- [PROBLEM REQUIREMENTS]:
Print, with no pictures, the exact lines that run from the one containing "d77882f2e09 Lyst - Gucci" through the last line of the material below, both ends included.

- [RECORDED DATA]:
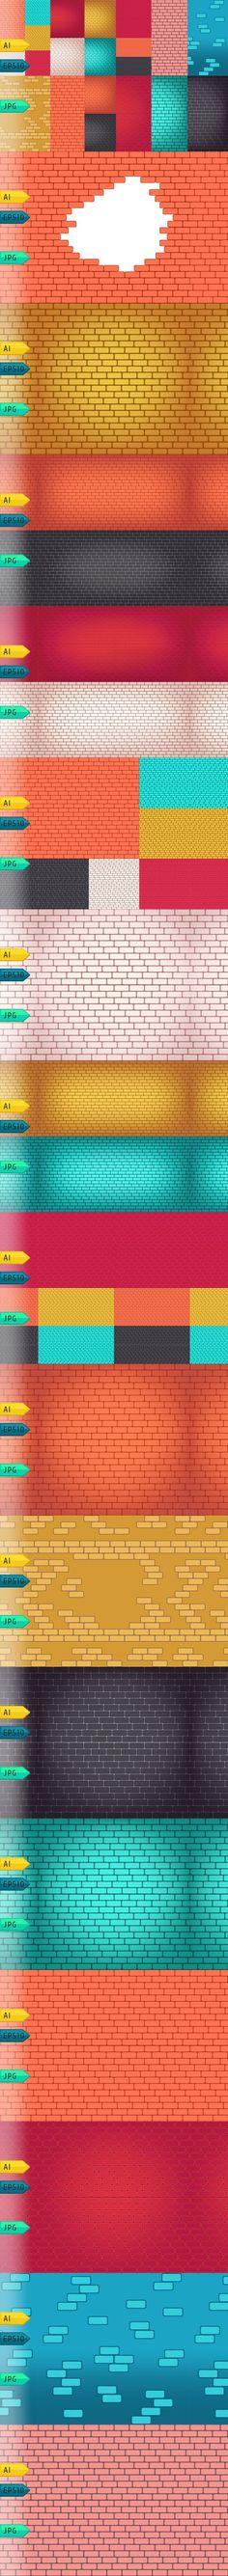 Brick walls seamless vector backdrop. Textures. $6.00
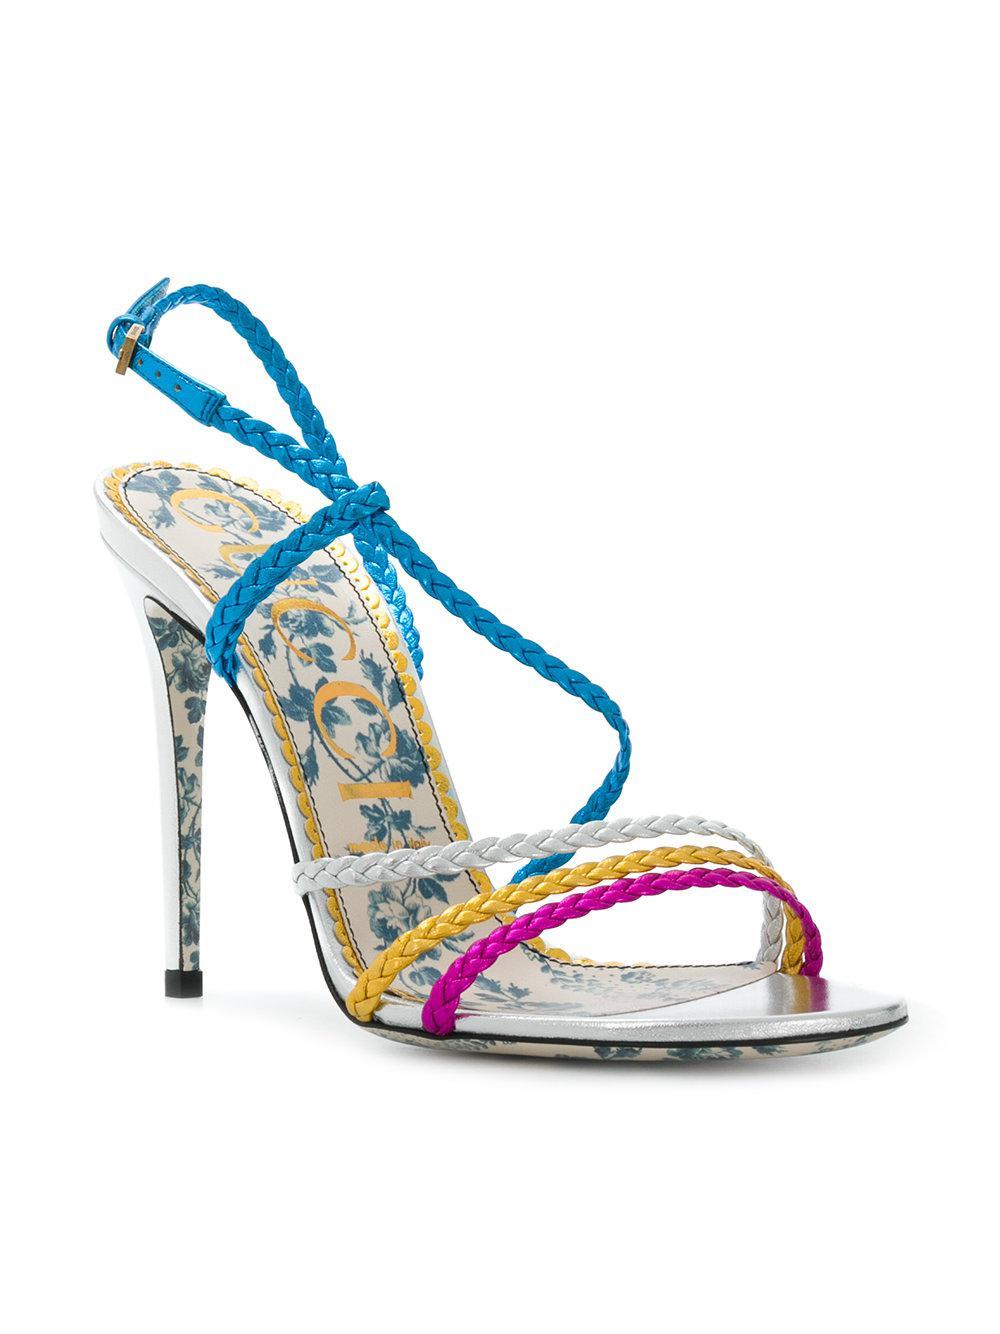 d77882f2e09 Lyst - Gucci Braided Sandals in Blue - Save 13%
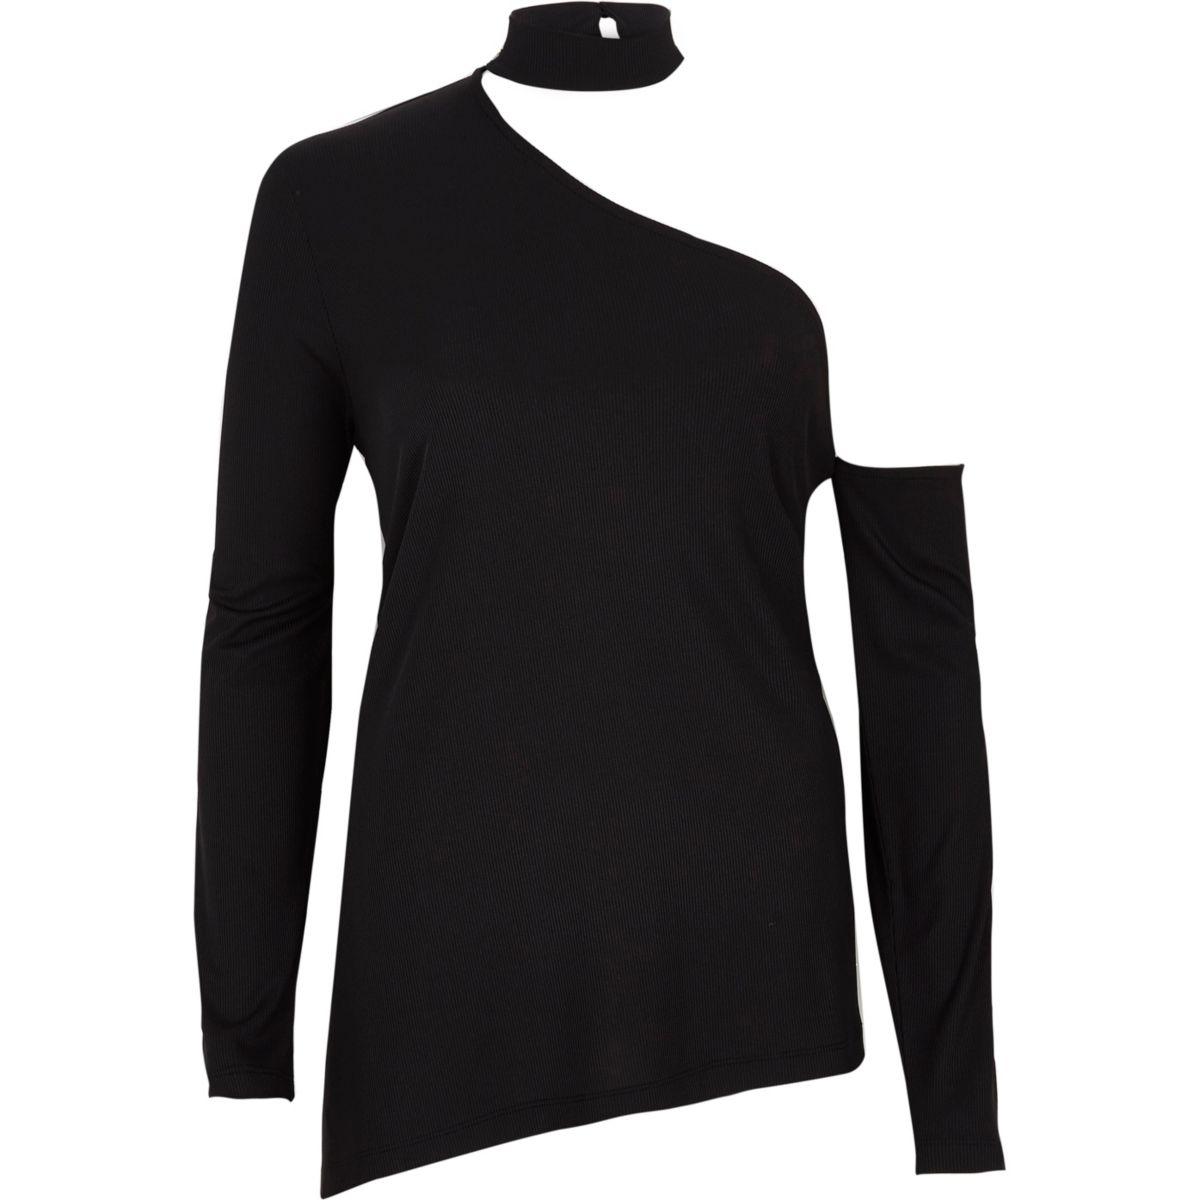 Black rib one shoulder choker top

- [ANSWER TO THIS PROBLEM]:
 d77882f2e09 Lyst - Gucci Braided Sandals in Blue - Save 13%
 Black rib one shoulder choker top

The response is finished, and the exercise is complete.